The entries below contain pictures, which are to be left out; write out exactly, and only, the lines from the line with "2015-11-15 16-59-47 Aeroclub-6" up to and including the line with "2021 Nursing Scholarship".

**DATA UNDER STUDY:**
+ + + +

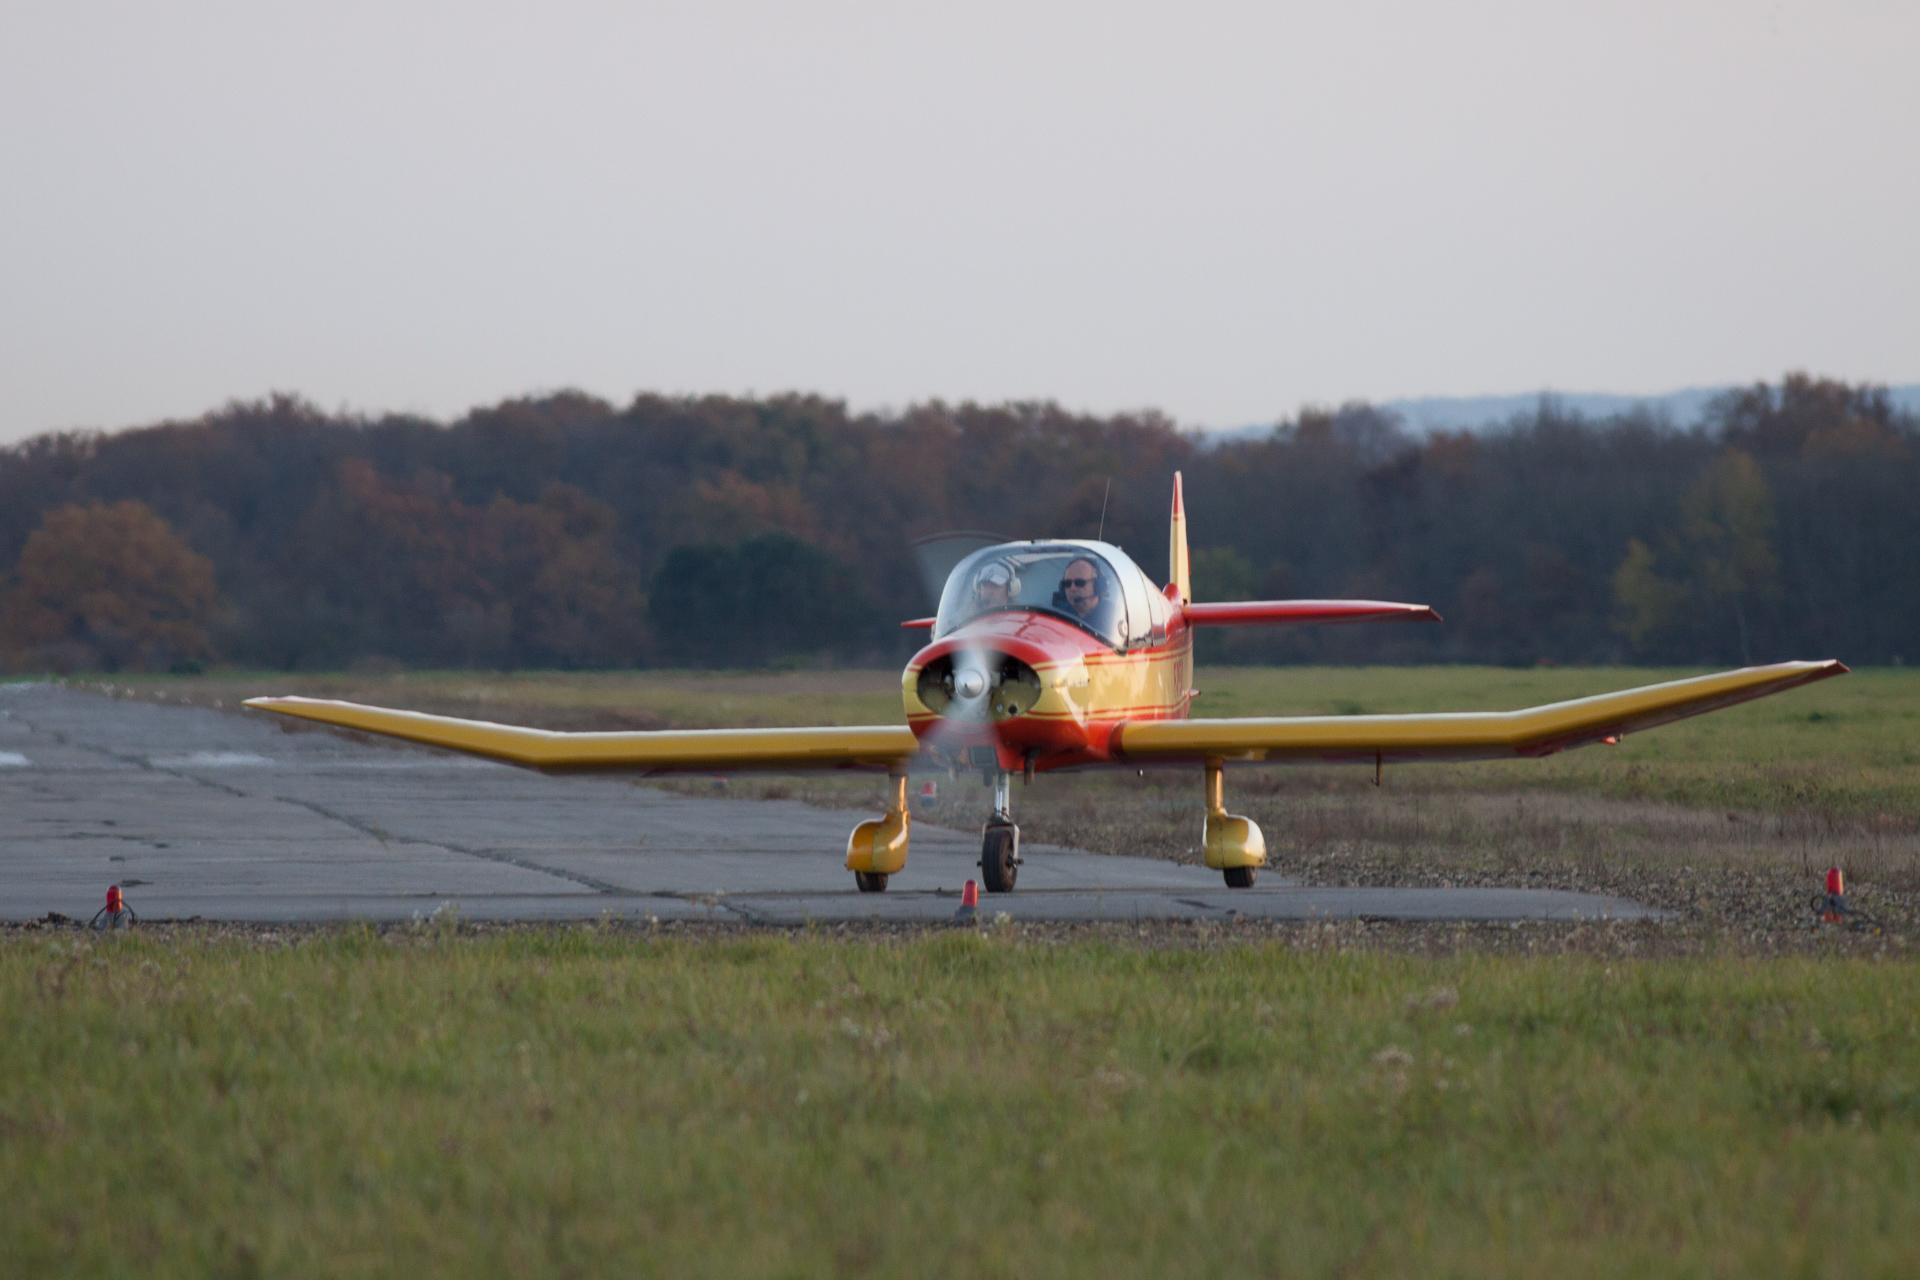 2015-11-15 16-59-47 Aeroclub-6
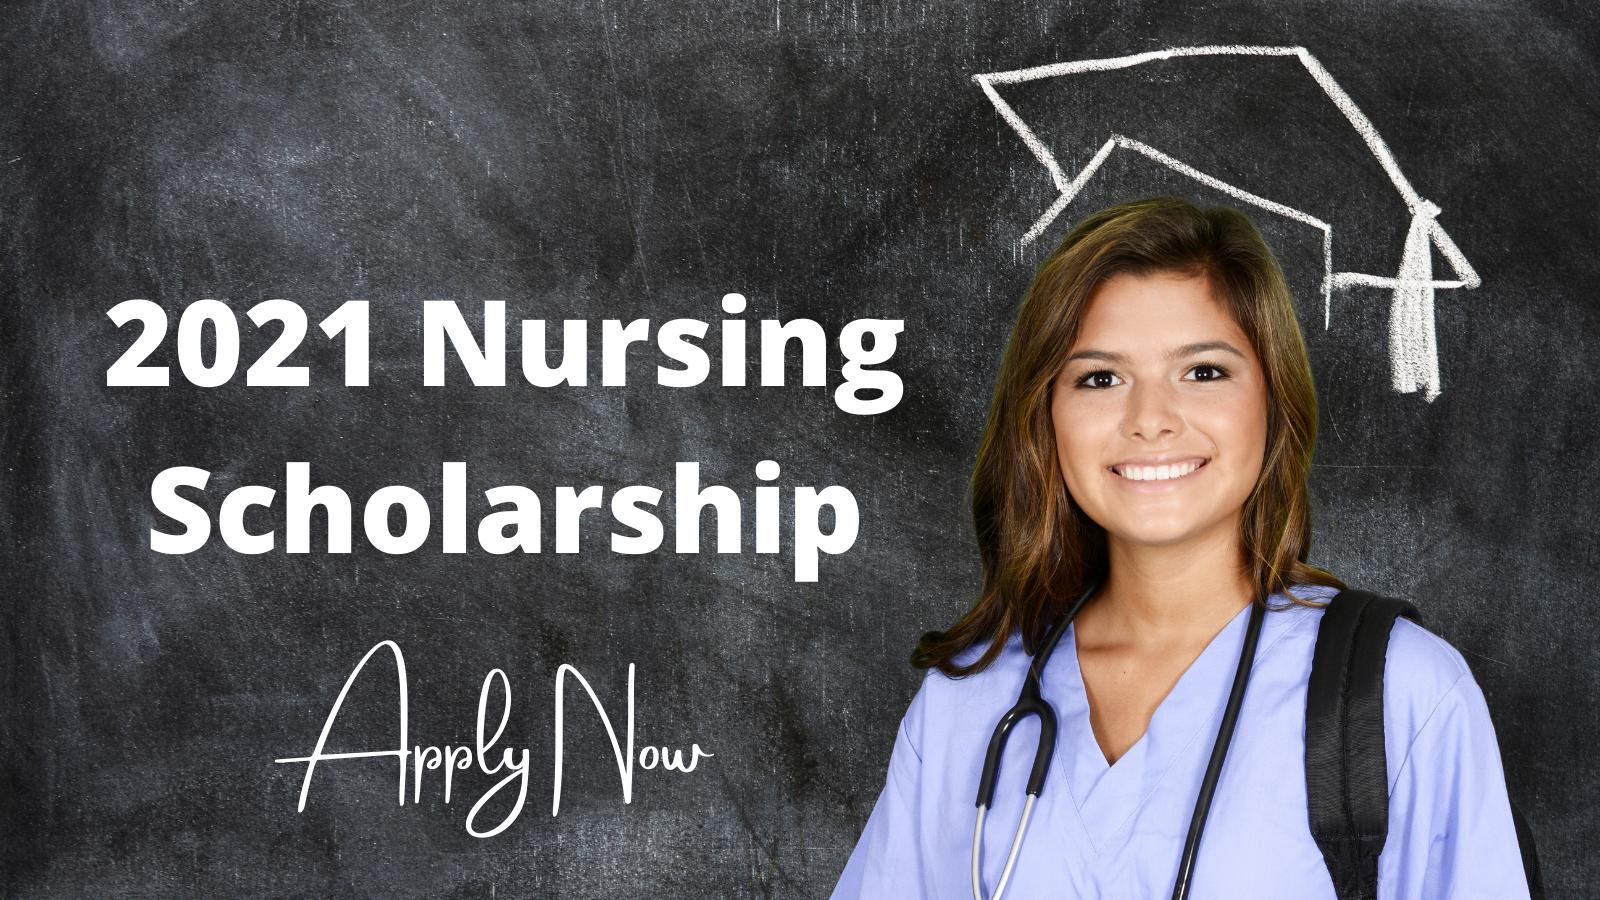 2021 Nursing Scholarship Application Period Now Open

+ + + +

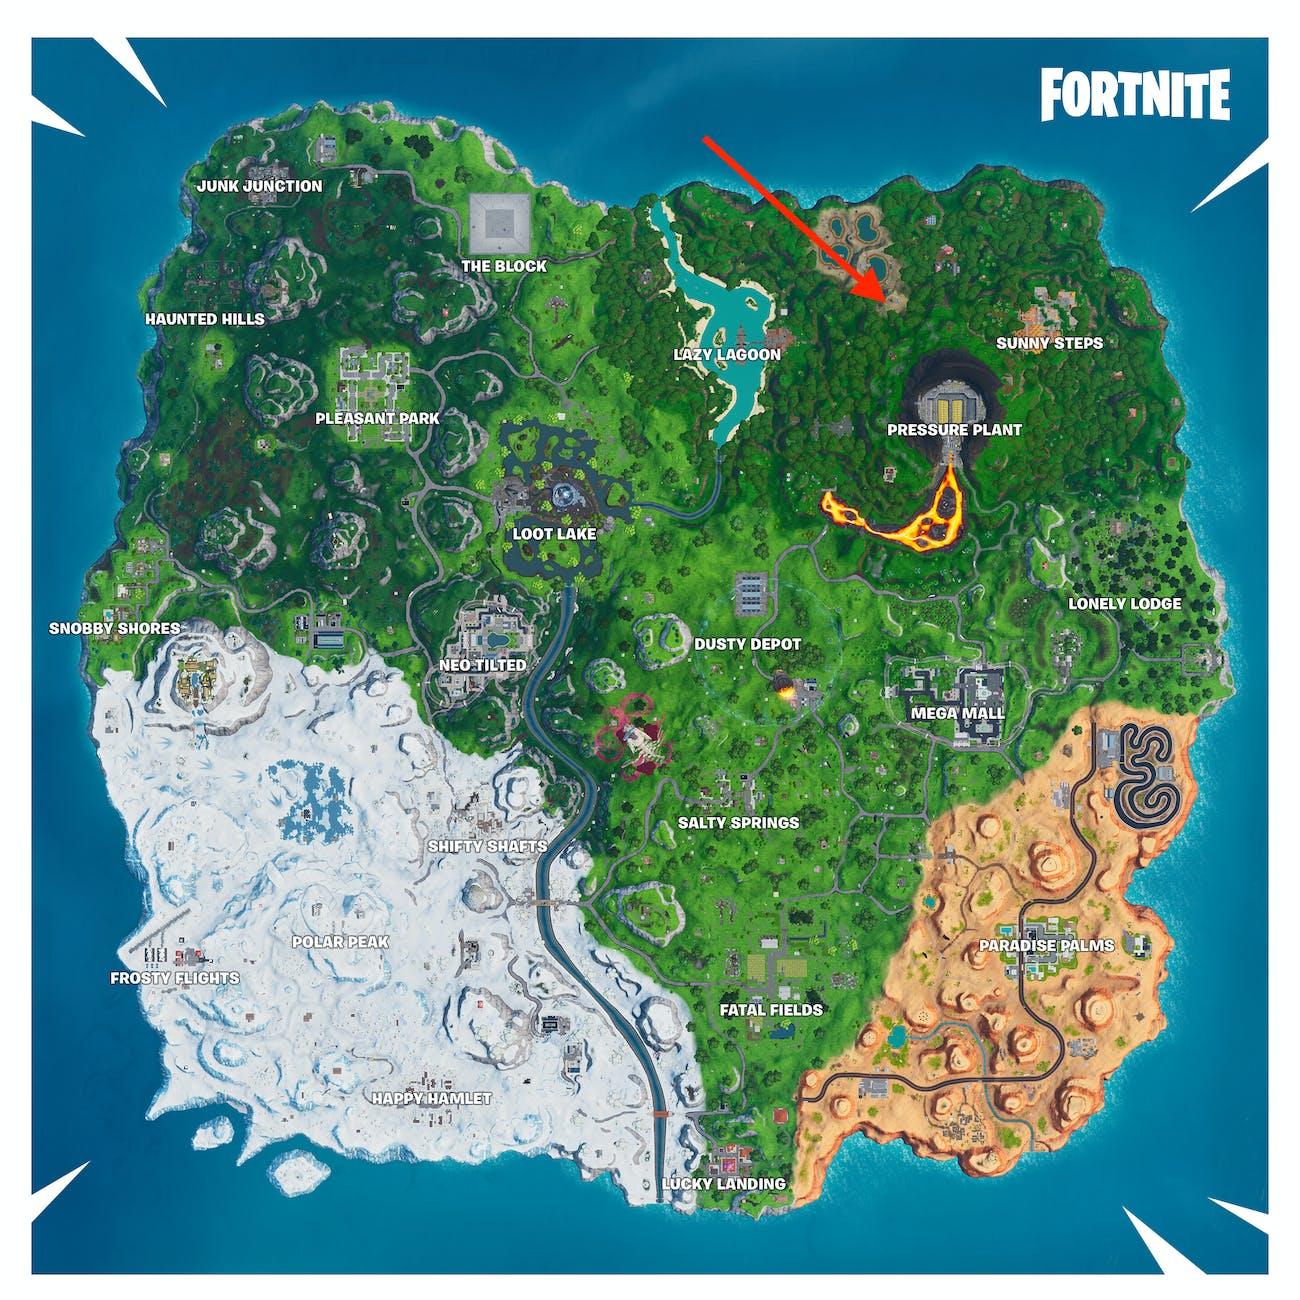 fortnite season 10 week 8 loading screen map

+ + + +

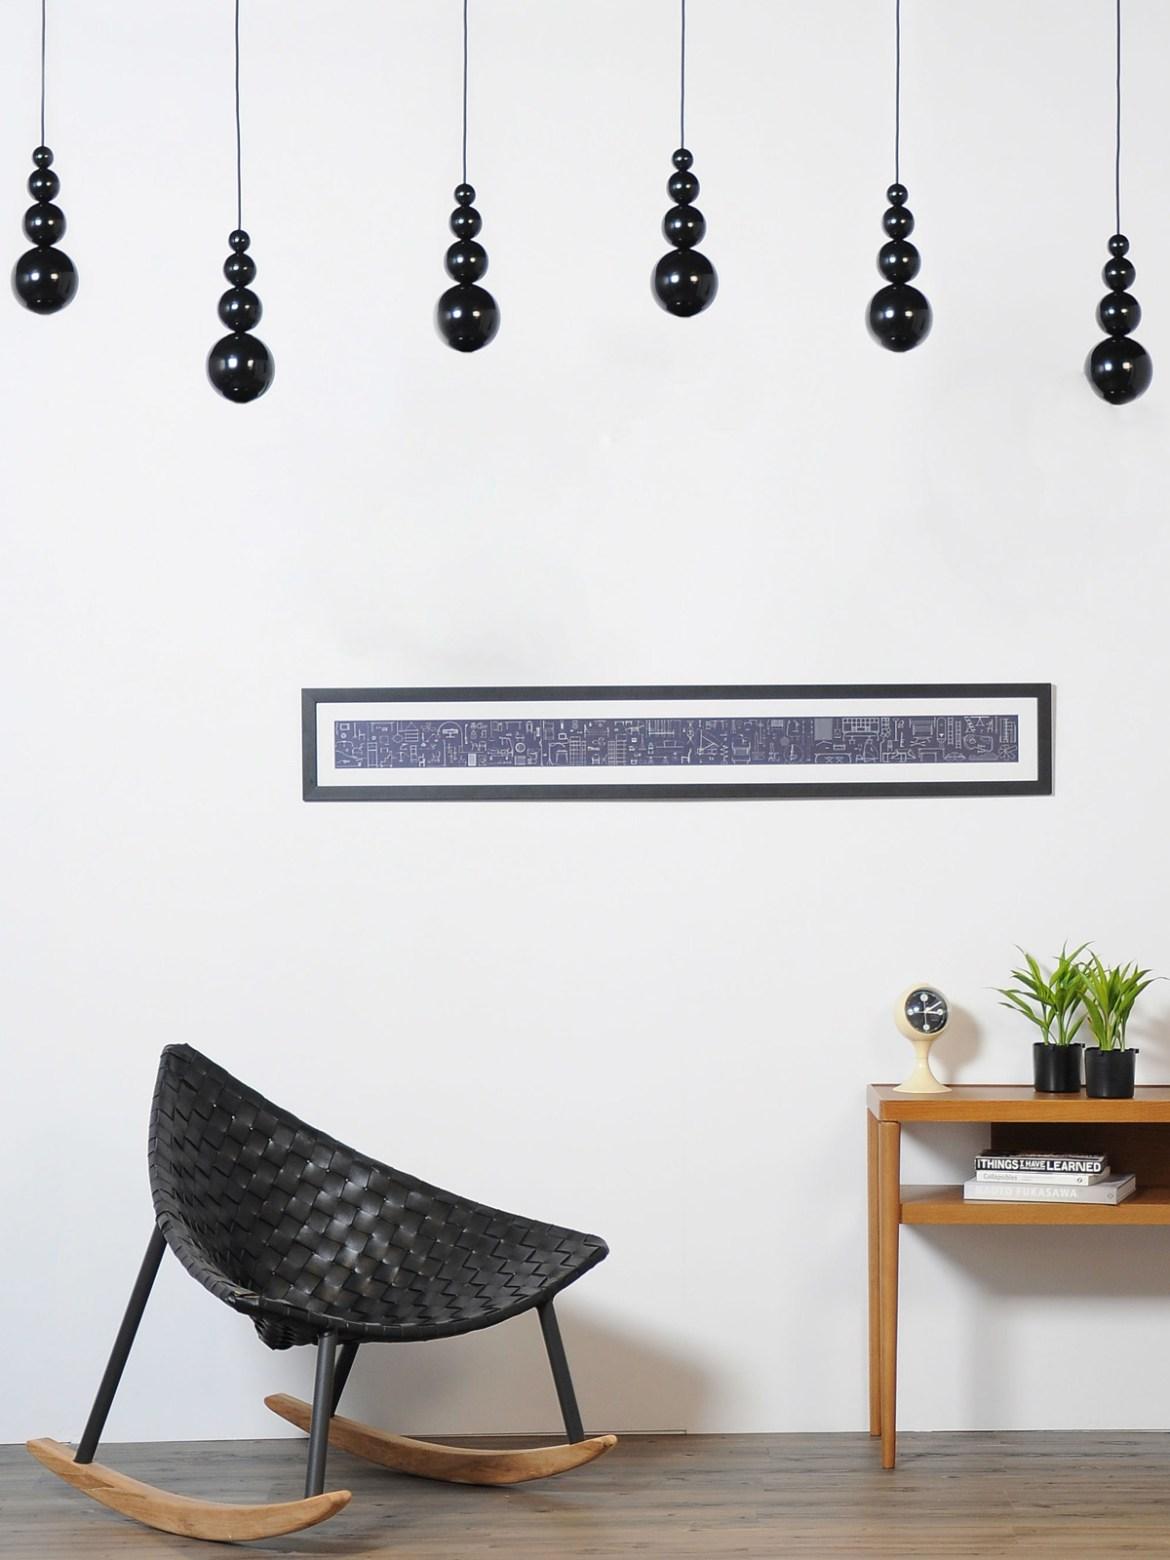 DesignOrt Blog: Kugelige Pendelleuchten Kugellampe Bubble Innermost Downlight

+ + + +

**YOUR SOLUTION:**
 2015-11-15 16-59-47 Aeroclub-6
 2021 Nursing Scholarship Application Period Now Open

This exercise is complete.